Canada's pension funds could soon own the country's busiest airports
Canada's institutional investors have long eyed the country's federally owned airports and ports as ideal long-term infrastructure assets, and the Carney government just put them on the table.
CTV News reported that Prime minister Mark Carney confirmed Thursday he is open to selling federal public assets and recycling the capital into new infrastructure, singling out airports as an example already "out there."
A Transport Canada discussion paper released last week, first reported by the Toronto Star, also floats amalgamating "some key ports" and selling others.
The proposal extends a privatisation conversation that began quietly in November's budget and picked up pace with the April 28 spring economic update.

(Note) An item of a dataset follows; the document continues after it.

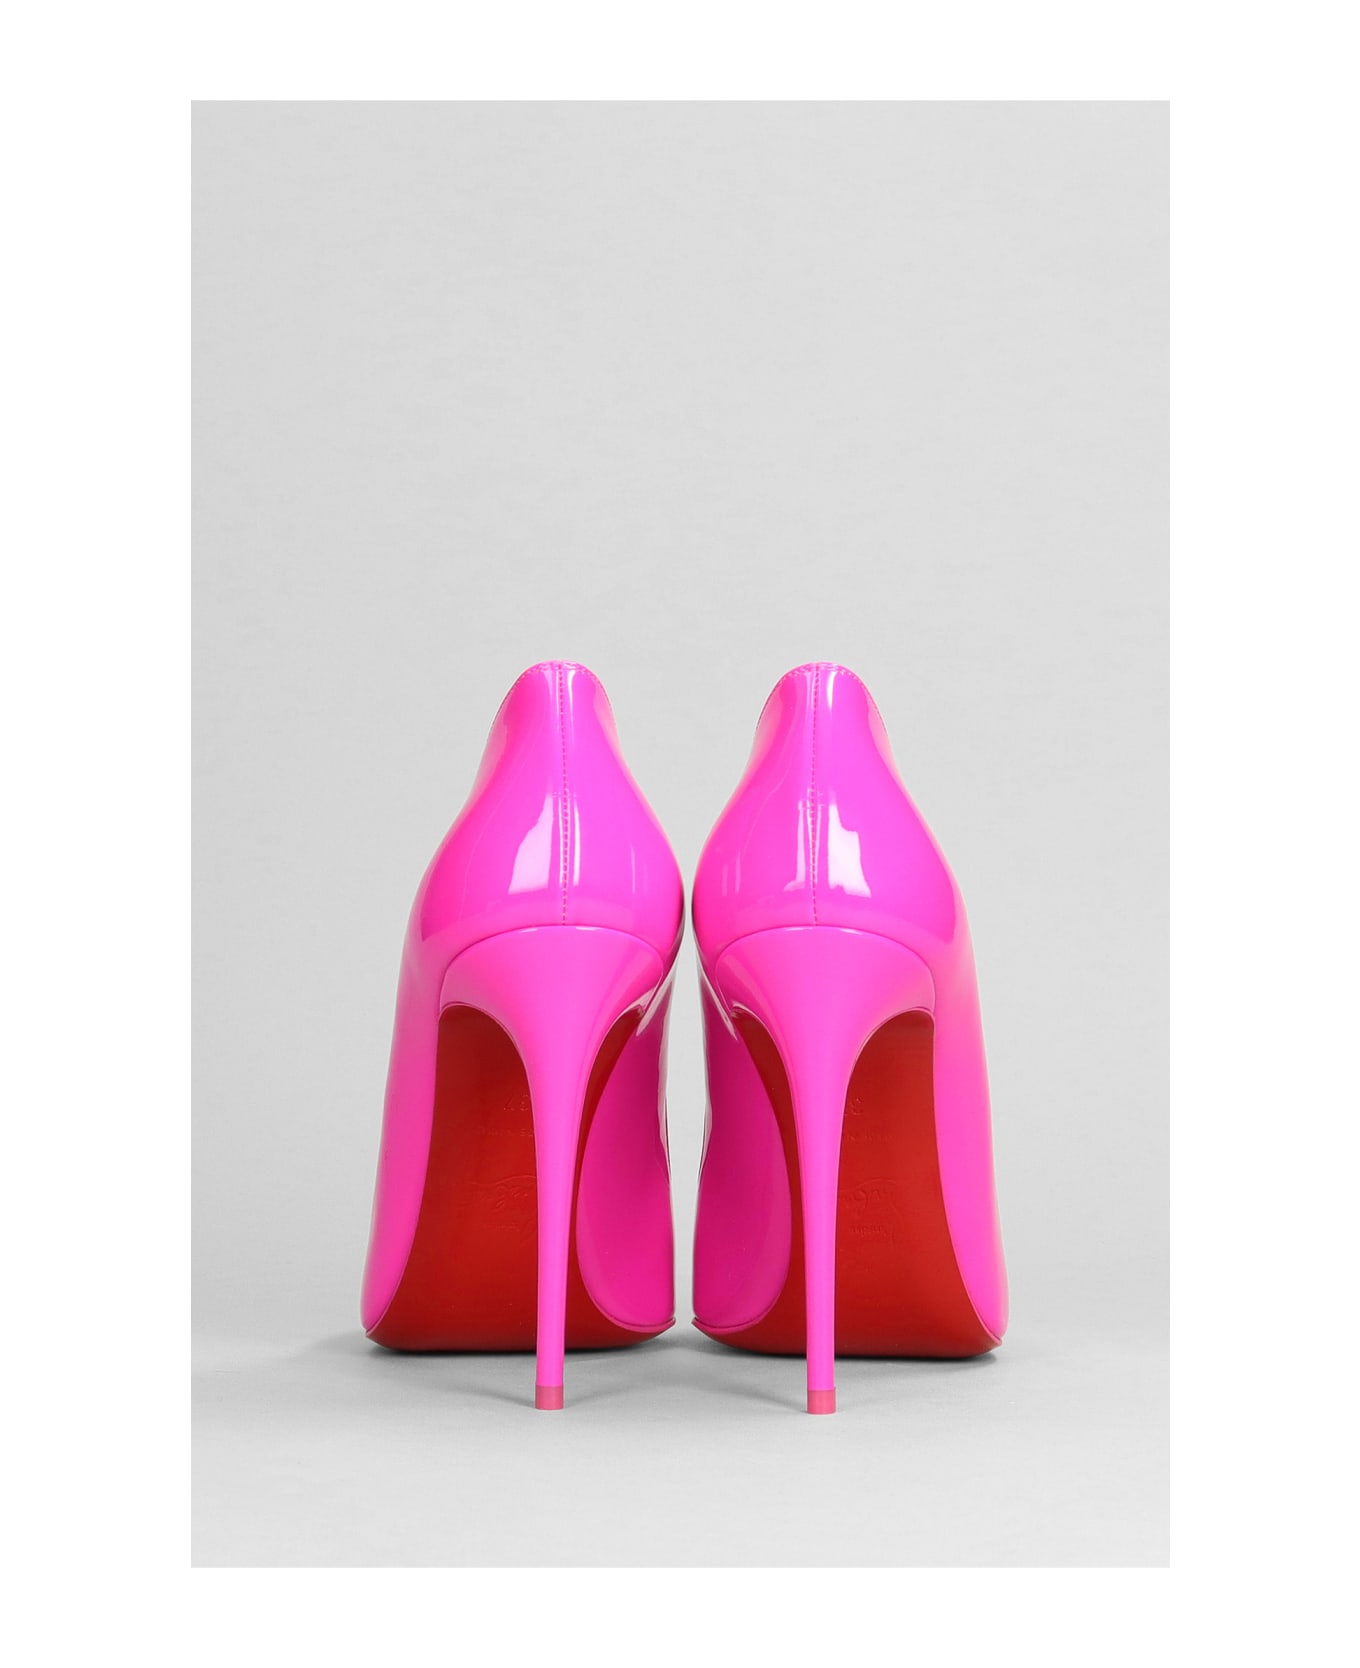 Christian Louboutin Hot Chick Sling 100 Pumps In Fuxia Patent Leather - fuxia

Transport Canada owns 23 large and mid-sized airports, including the country's six busiest in Toronto, Vancouver, Montreal, Calgary, Edmonton, and Ottawa, according to the Globe and Mail, which estimated the portfolio could be worth close to $100bn.
Michel Leduc, senior managing director at the Canada Pension Plan Investment Board, told the Financial Post that core national infrastructure such as a hub airport in a G7 country sits in the "sweet spot" for institutional investors looking to deploy more capital domestically.
The government frames both moves under "asset recycling" — selling or leasing existing holdings and redirecting proceeds into new projects.
Ottawa announced the $25bn Canada Strong Fund alongside the spring economic update as Canada's first national sovereign wealth fund, seeded with federal funding over three years and designed to invest alongside private capital.
Whether airport sale proceeds would flow directly into that fund remains unsettled; transport minister Steven MacKinnon said last month a decision has not yet been made, CTV reported.
The current not-for-profit airport authority model already raises commercial debt at rates close to Canada's largest provincial governments, and private ownership would likely push those borrowing costs higher, Mark McQueen wrote in a Substack analysis published this week.
The same analysis noted that privatization would eliminate the $236m in annual rent Pearson paid Ottawa in 2025, while leaving intact the $41m in payments in lieu of taxes owed to Mississauga and Toronto.
International precedent cuts both ways.
Rod Sims, former chair of the Australian Competition and Consumer Commission, told CBC News that Australia's late-1990s airport sell-offs drove consumer costs higher after regulators stripped price controls before privatization, giving buyers near-free rein.
On the other hand, a 2022 National Bureau of Economic Research study cited by Global News found private equity airport ownership was associated with an 84 percent rise in overall passenger traffic and a 20 percent increase in passengers per flight.
On ports, Transport Canada directly operates 34 port facilities and oversees 17 others managed by Canada Port Authorities, which handled around 351m tonnes of cargo in 2023, according to Hashtag Investing, which reviewed the discussion paper.
The paper stops short of announcing any sale, framing divestiture as one option among several governance reforms.
Carney told reporters port reform is not a "top priority."
Public consultations on both the airport and port papers are running on 30-day timelines, CTV reported.